Write out the data again exactly, skipping every picture.

Collected material ->
· · · · ·

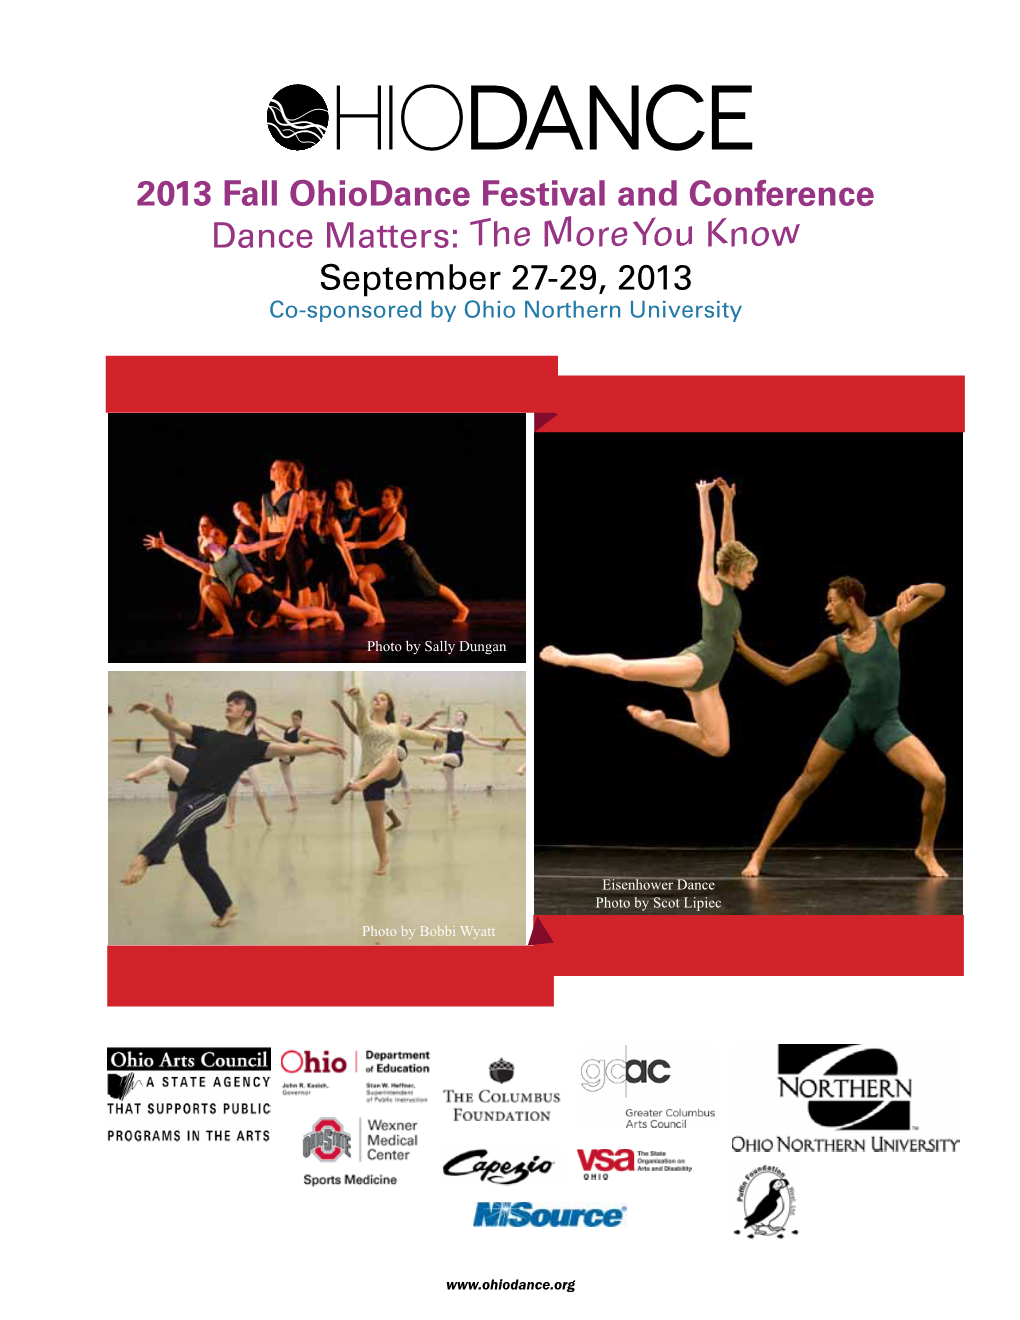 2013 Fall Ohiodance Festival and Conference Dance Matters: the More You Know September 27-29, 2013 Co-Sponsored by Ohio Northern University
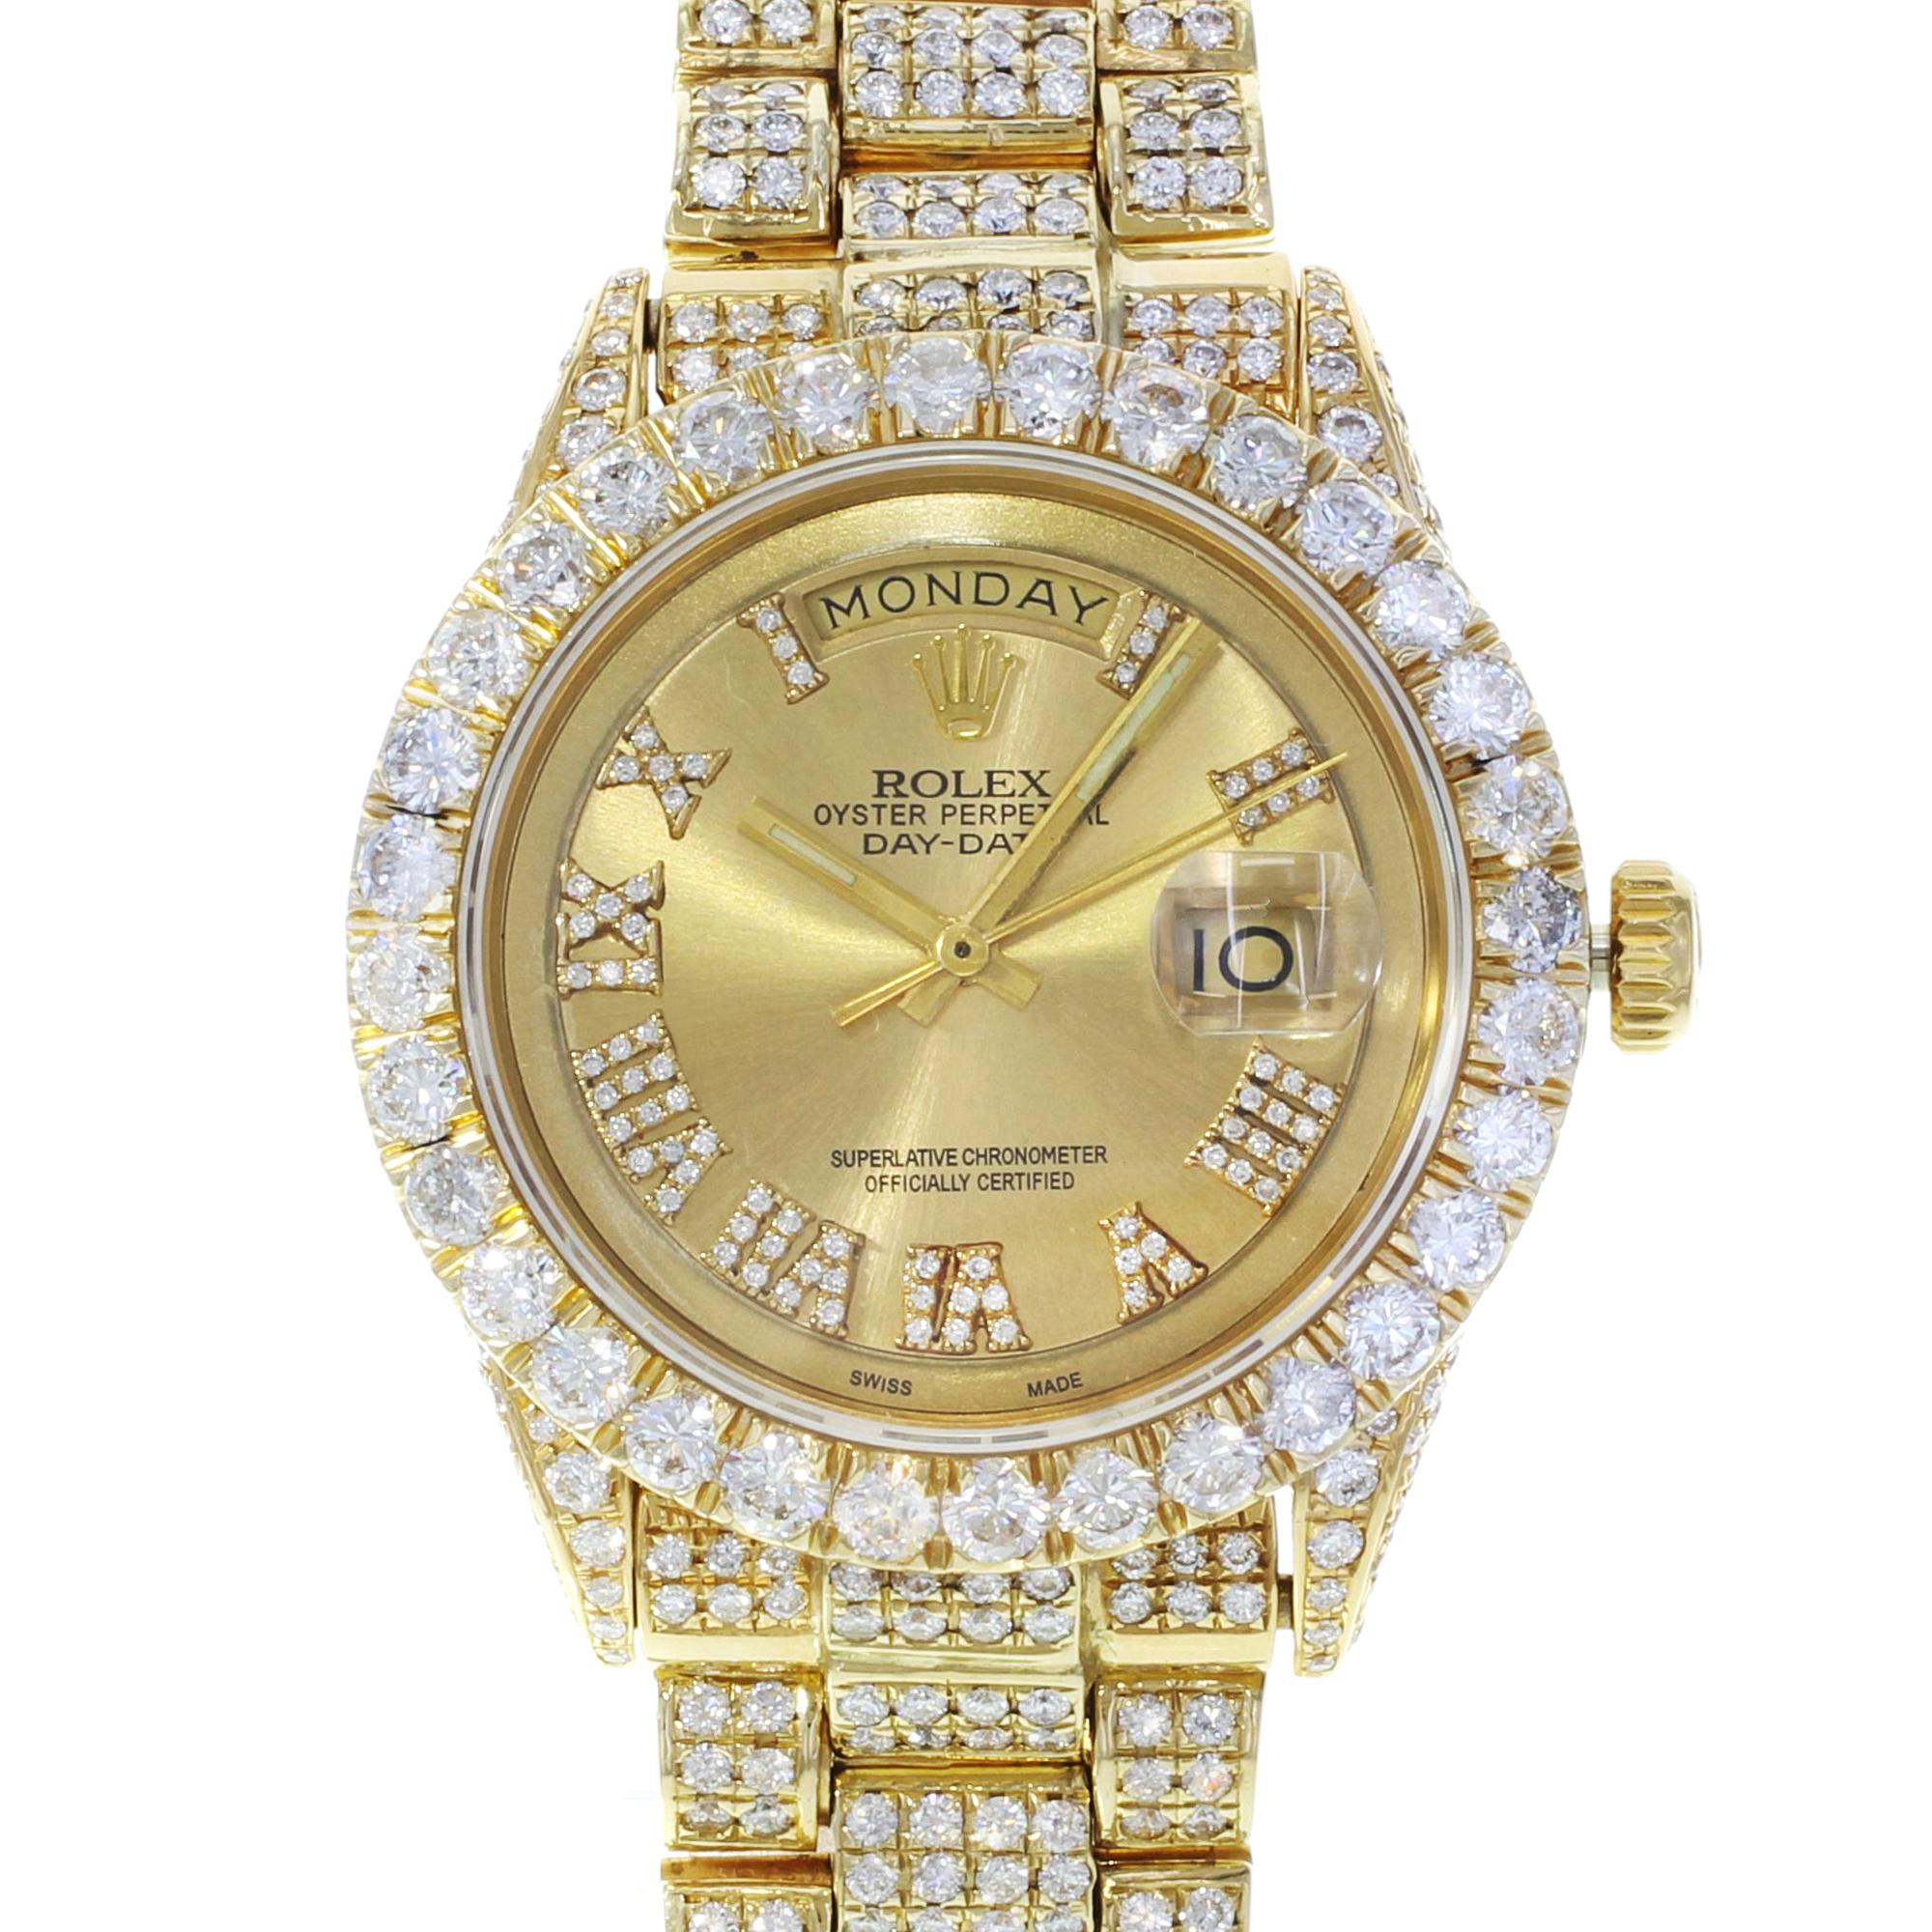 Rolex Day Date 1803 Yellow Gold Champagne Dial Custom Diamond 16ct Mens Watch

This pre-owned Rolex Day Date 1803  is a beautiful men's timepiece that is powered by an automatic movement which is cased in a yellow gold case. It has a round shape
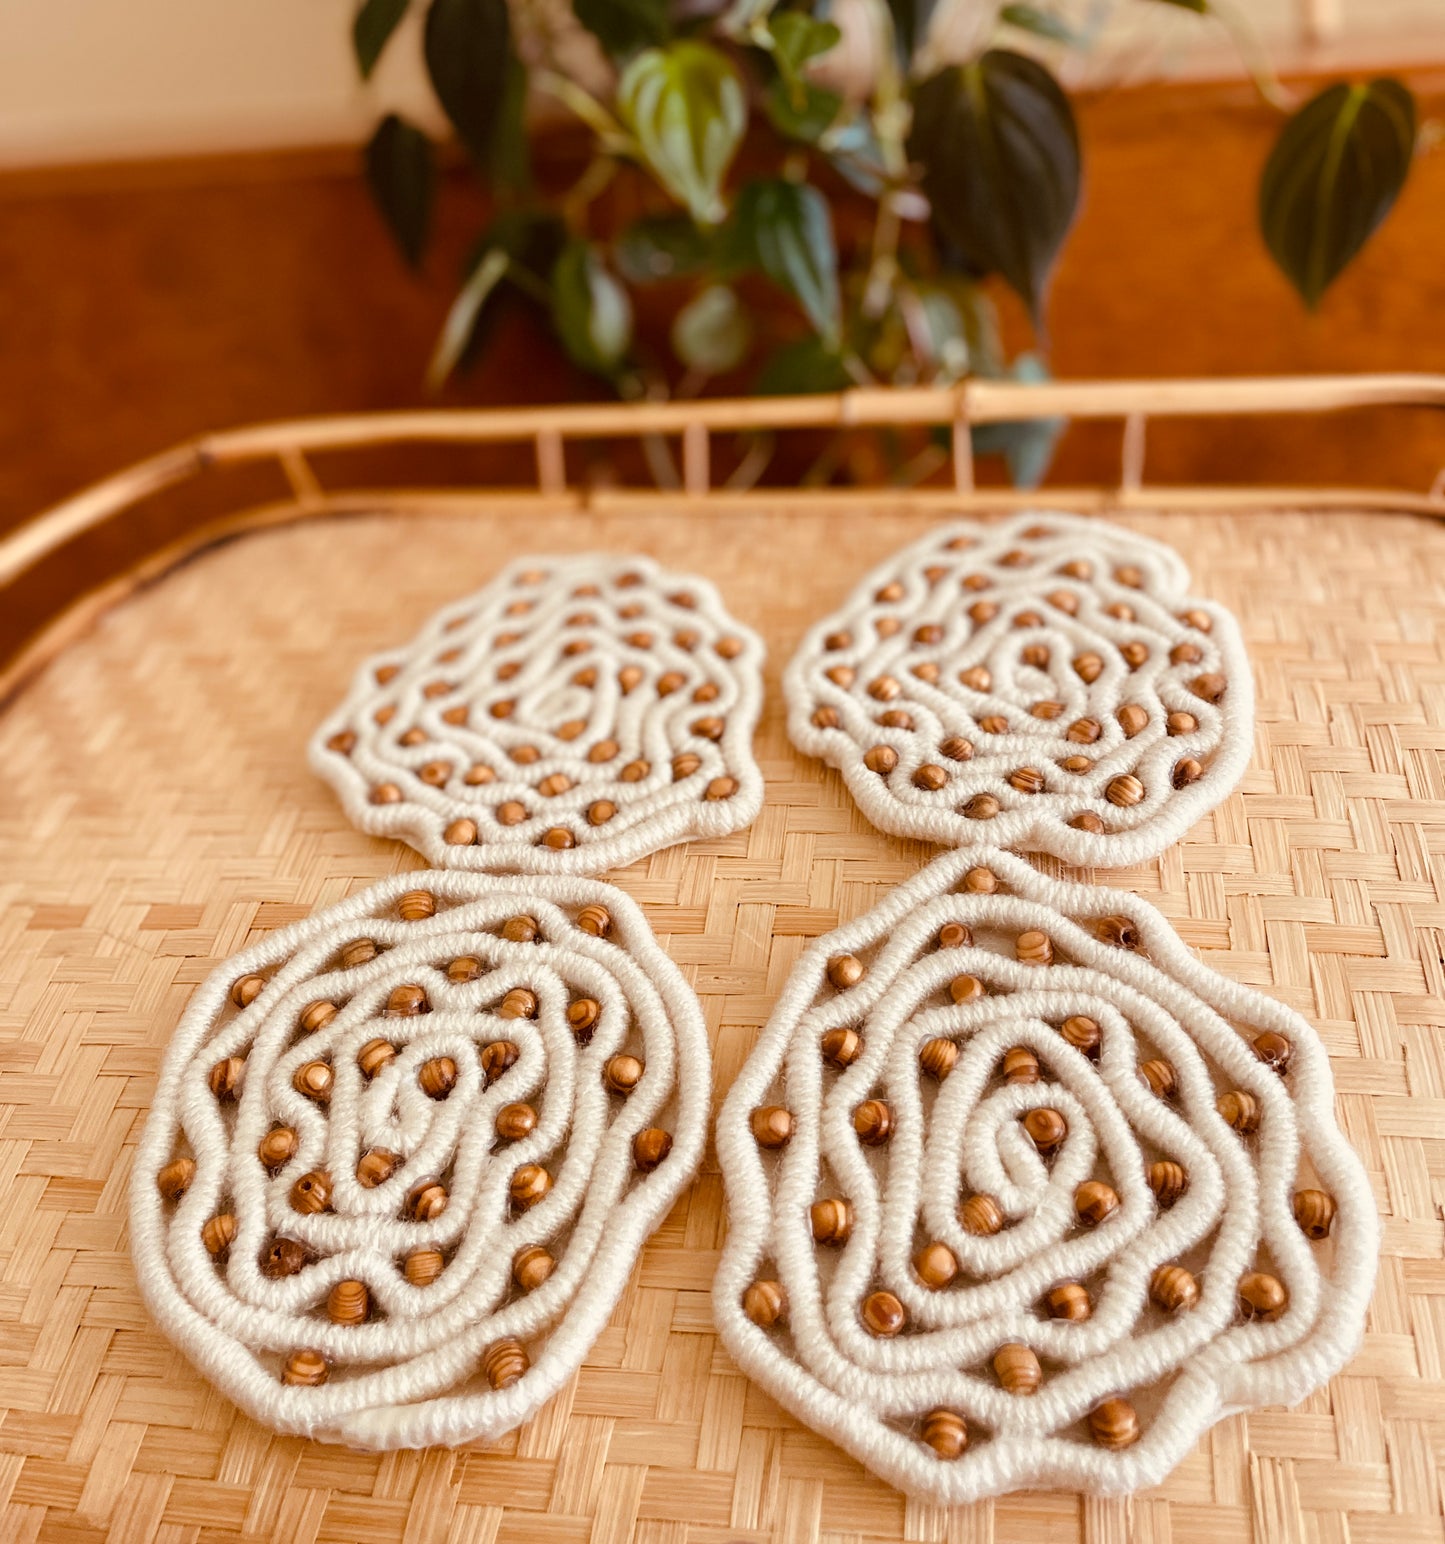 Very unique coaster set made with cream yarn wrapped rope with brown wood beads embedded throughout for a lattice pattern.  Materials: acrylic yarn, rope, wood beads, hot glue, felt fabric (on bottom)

· · · · ·

Solution for this task ->
 2013 Fall Ohiodance Festival and Conference Dance Matters: the More You Know September 27-29, 2013 Co-Sponsored by Ohio Northern University
 Rolex Day Date 1803 Yellow Gold Champagne Dial Custom Diamond 16ct Mens Watch

This pre-owned Rolex Day Date 1803  is a beautiful men's timepiece that is powered by an automatic movement which is cased in a yellow gold case. It has a round shape
 Very unique coaster set made with cream yarn wrapped rope with brown wood beads embedded throughout for a lattice pattern.  Materials: acrylic yarn, rope, wood beads, hot glue, felt fabric (on bottom)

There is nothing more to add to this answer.